--- Assignment ---
Your output should match the listing below word for word, without any images.

--- Data section ---
● ● ● ●

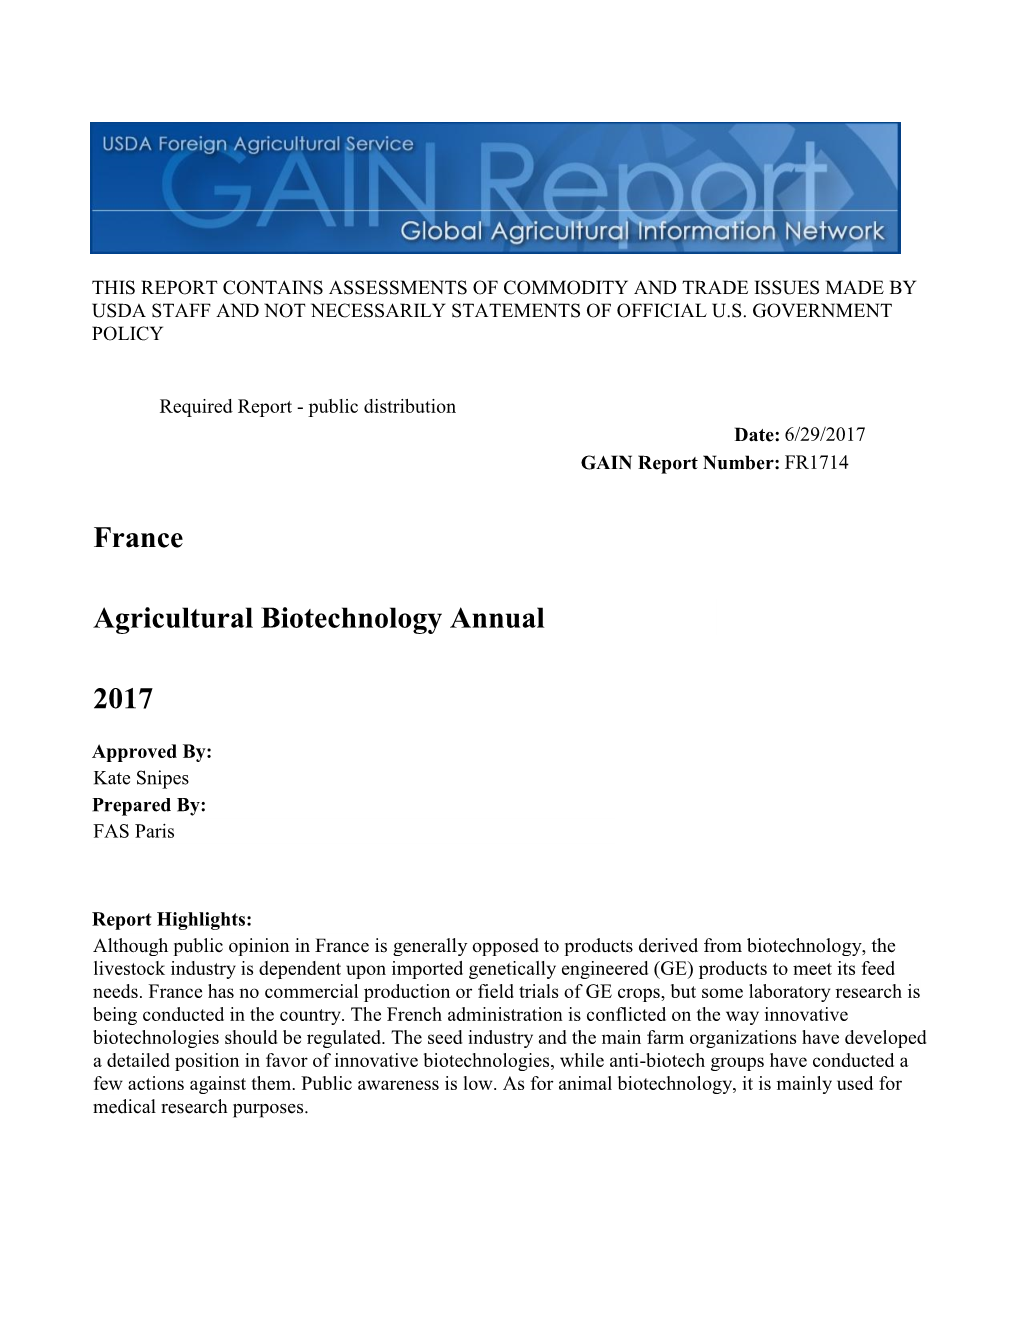 2017 Agricultural Biotechnology Annual France
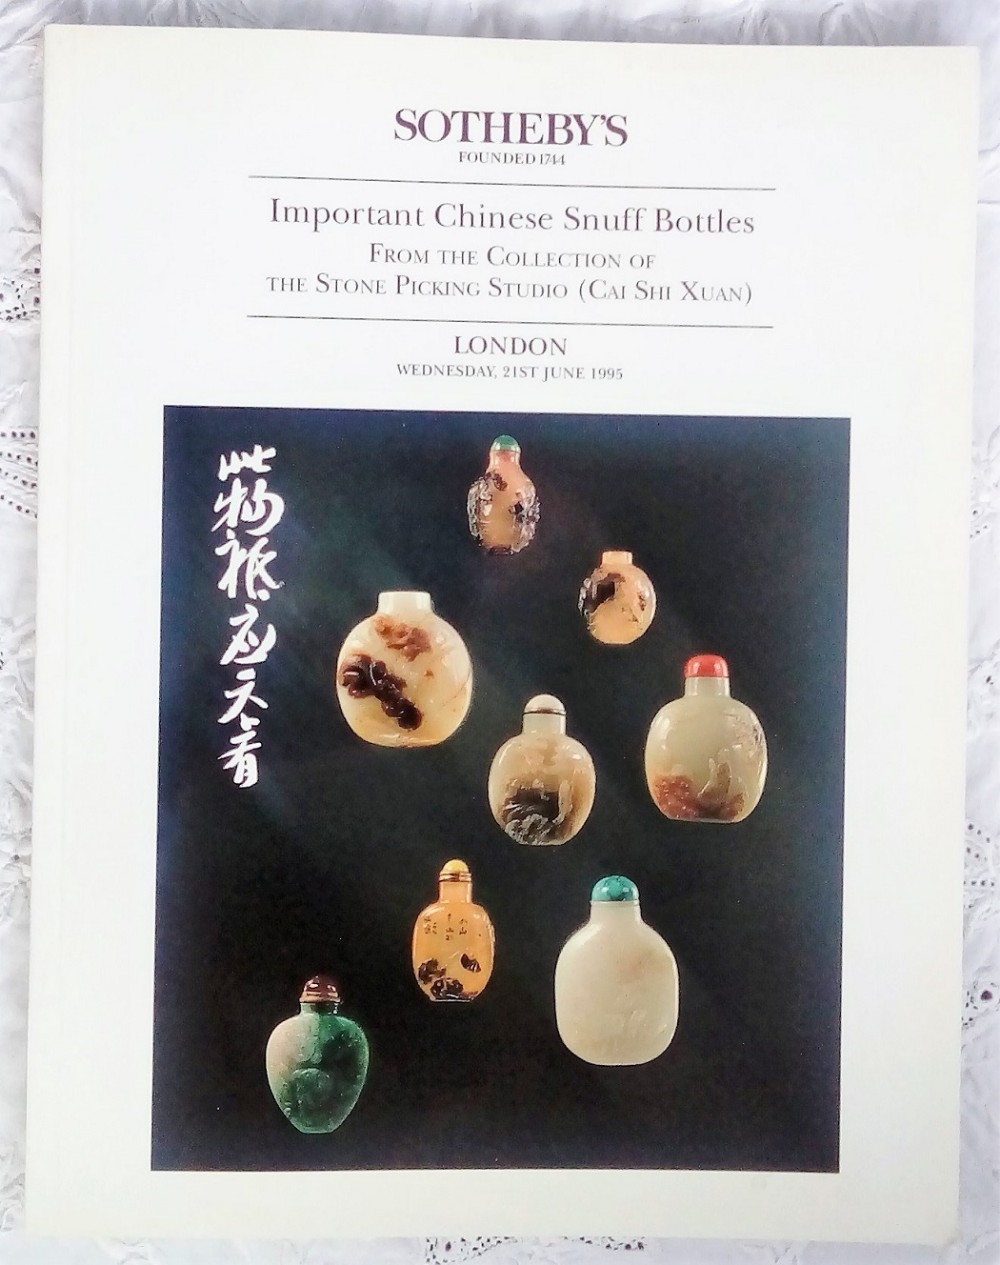 sotheby's important chinese snuff bottles from the collection of the stone picking studio cai shi xuan london 21 06 1995
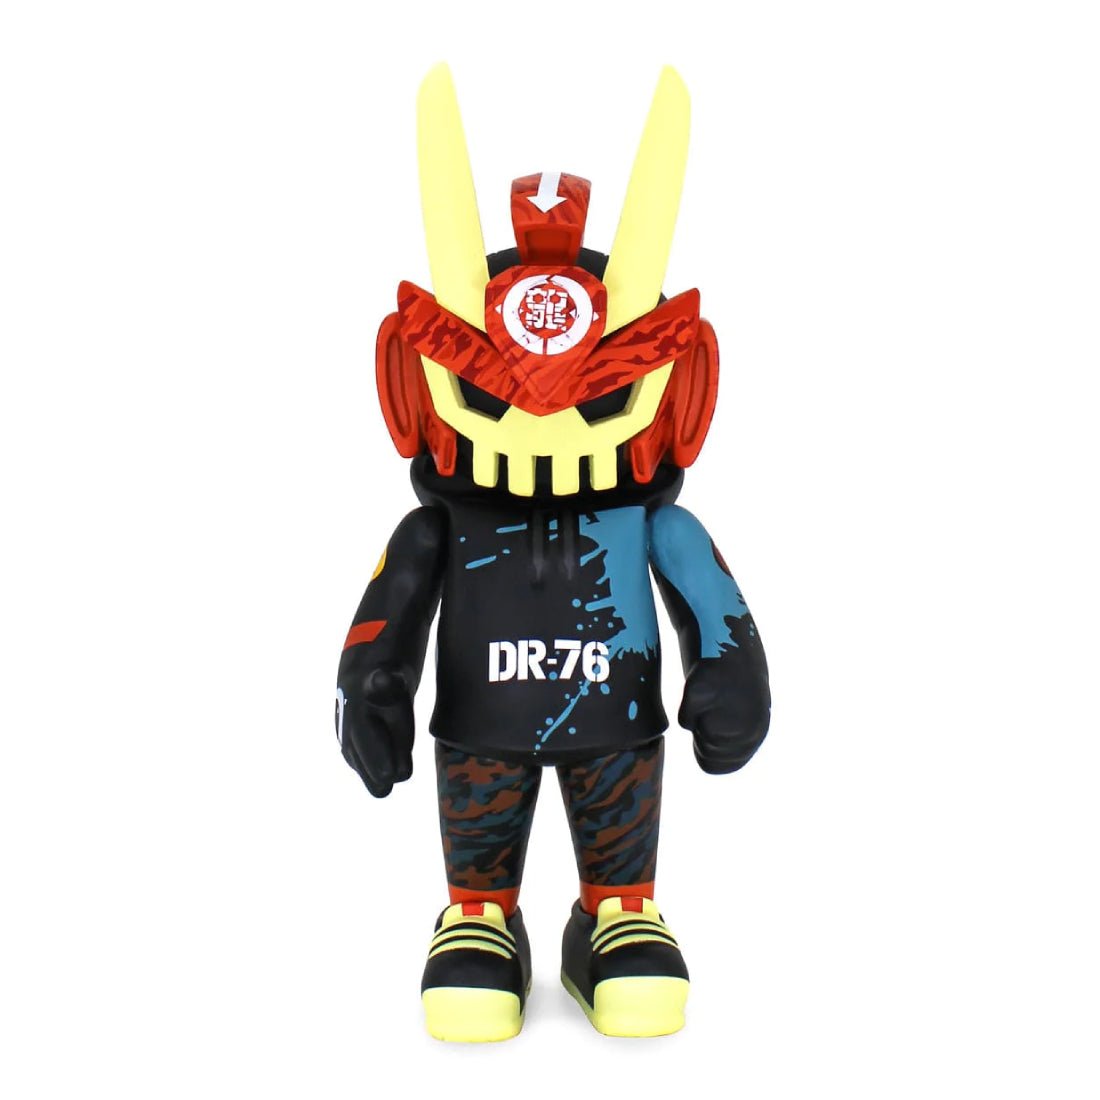 (Pre-Owned) Megateq By Quiccs X Martian Toys - DR 76 - مجسم - Store 974 | ستور ٩٧٤
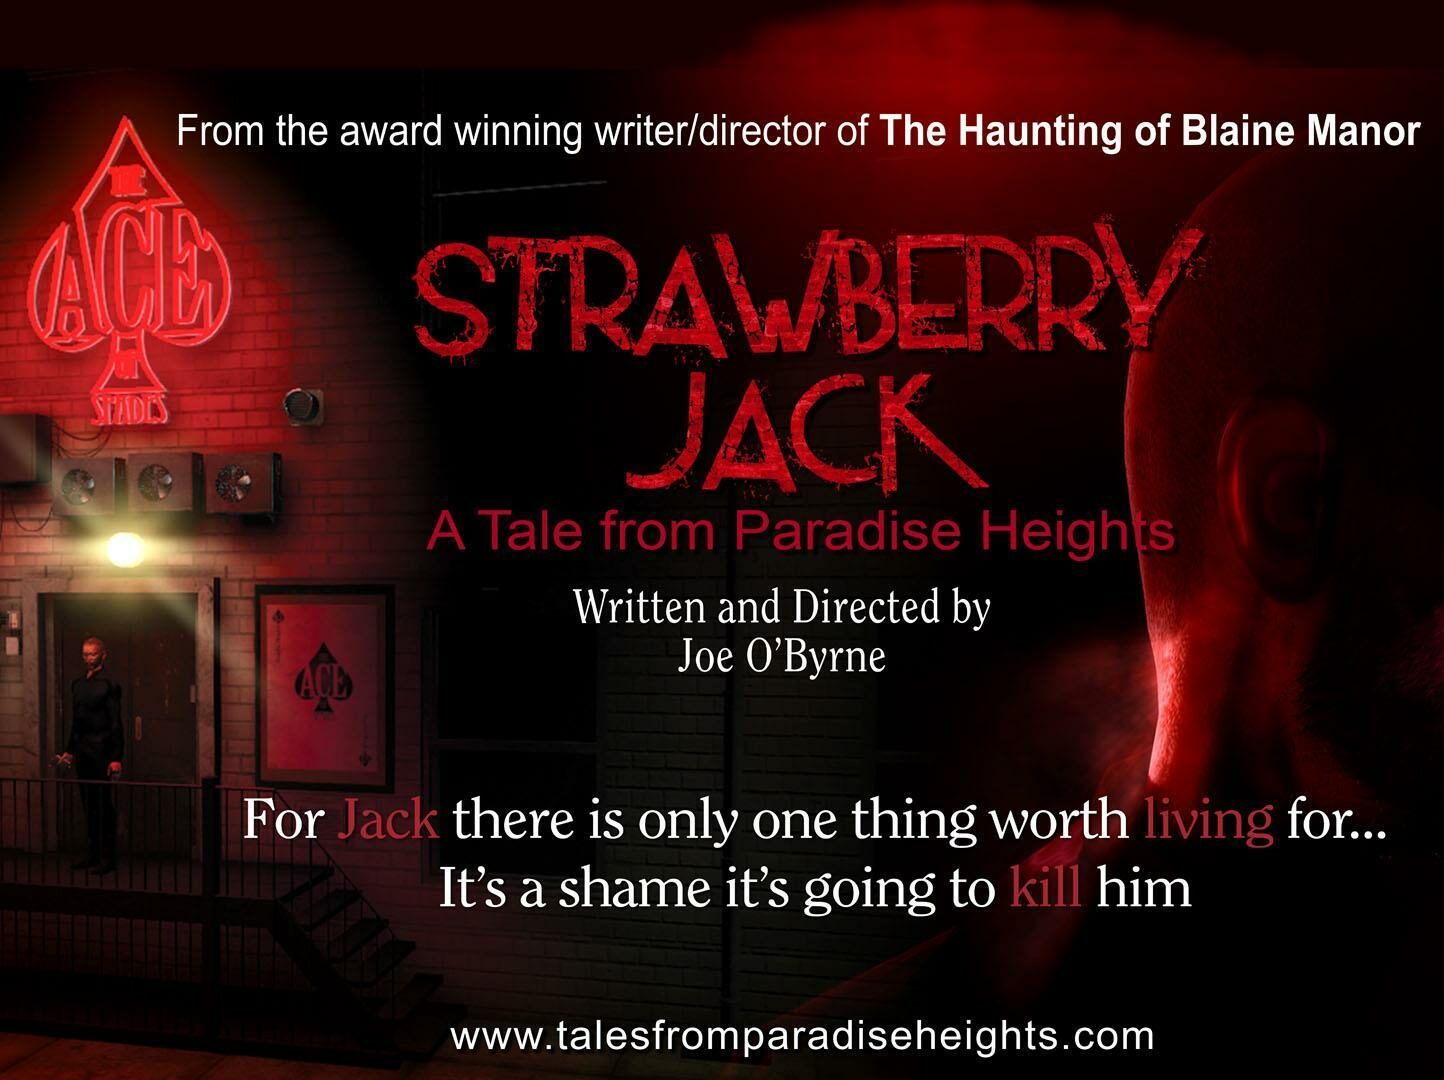 Strawberry Jack – A Tale from Paradise Heights

● ● ● ●

--- Answer below ---
 2017 Agricultural Biotechnology Annual France
 sotheby's important chinese snuff bottles from the collection of the stone picking studio cai shi xuan london 21 06 1995
 (Pre-Owned) Megateq By Quiccs X Martian Toys - DR 76 - مجسم - Store 974 | ستور ٩٧٤
 Strawberry Jack – A Tale from Paradise Heights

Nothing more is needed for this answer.